Emerging market stocks and related exchange traded funds have consistently underperformed the developed markets and are now trading near all-time low valuations.

Since the 2010, emerging markets have generated a total return of -2.1%, whereas developed markets returned 69.1%, reports Steve Johnson for the Financial Times.

Looking at average annualized returns over the past five-years, the Vanguard FTSE Emerging Markets ETF (NYSEArca: VWO) dipped 3.2% and the iShares MSCI Emerging Markets ETF (NYSEArca: EEM) fell 4.0%. Meanwhile, the iShares MSCI EAFE ETF (NYSEArca: EFA) gained 4.2% and SPDR S&P 500 ETF (NYSEarca: SPY) increased 14.0%.

After years of weakness, the MSCI Emerging Markets Index is now trading at 12.8 times 10-year average earnings as of the end of September, compared to the previous low of 13.5 times during the 1997-98 Asian financial crisis and much lower than its long-term average of 25 times average 10-year earnings.

Meanwhile, the S&P 500 index is trading at a 23.4 times cyclically adjusted earnings, just shy of its long-term average of 23.6.

EEM currently shows a price-to-earnings ratio of 11.9 and VWO has a 11.8 P/E, according to Morningstar data.

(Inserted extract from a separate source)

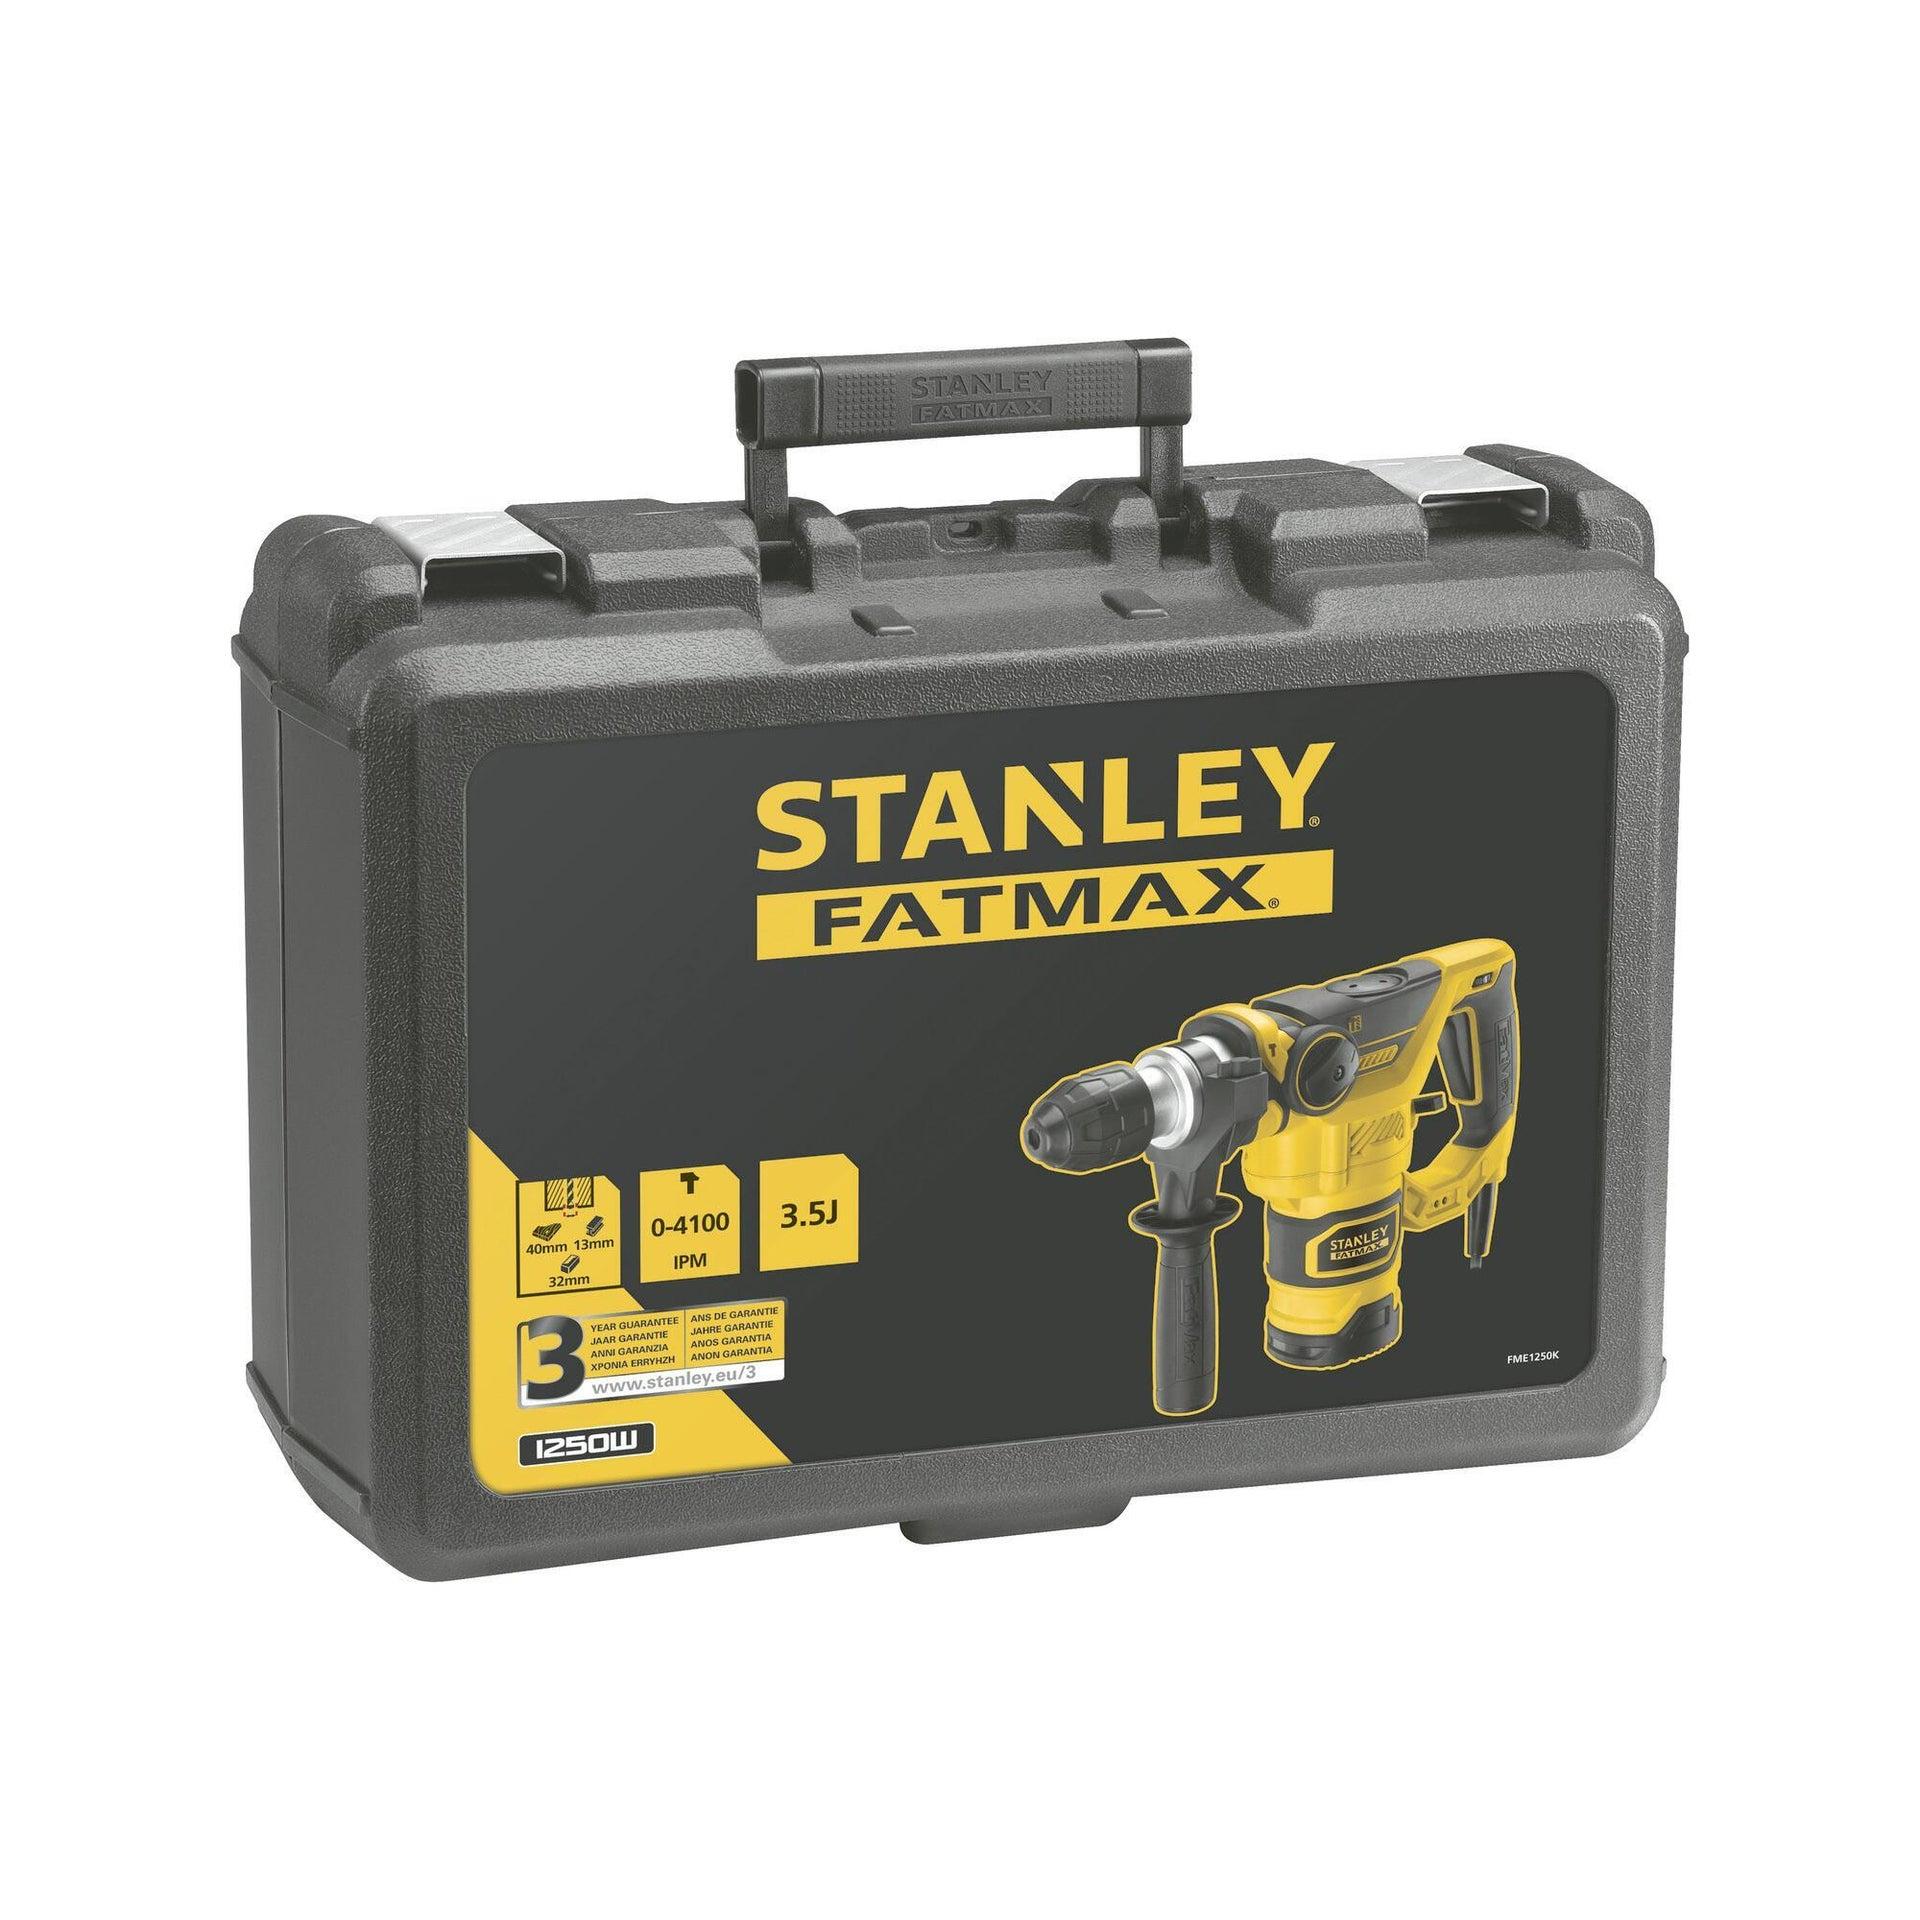 Martello demolitore STANLEY FATMAX FME1250-QS SDS Plus 2200 giri/min 1250 W - 2

In contrast, EFA is trading at a 16.0 P/E and SPY shows a 18.6 P/E.

While the recent selling has depressed emerging market valuations, some argue that ongoing economic headwinds can still weigh on developing country equities.

“The latest leg of correction leaves emerging markets as the unambiguously cheap segment of global equity on a fundamental basis [but], with the exception of Russia, valuations simply haven’t become cheap enough,” George Iwanicki, emerging markets macro strategist at JPMorgan AM, told the Financial Times.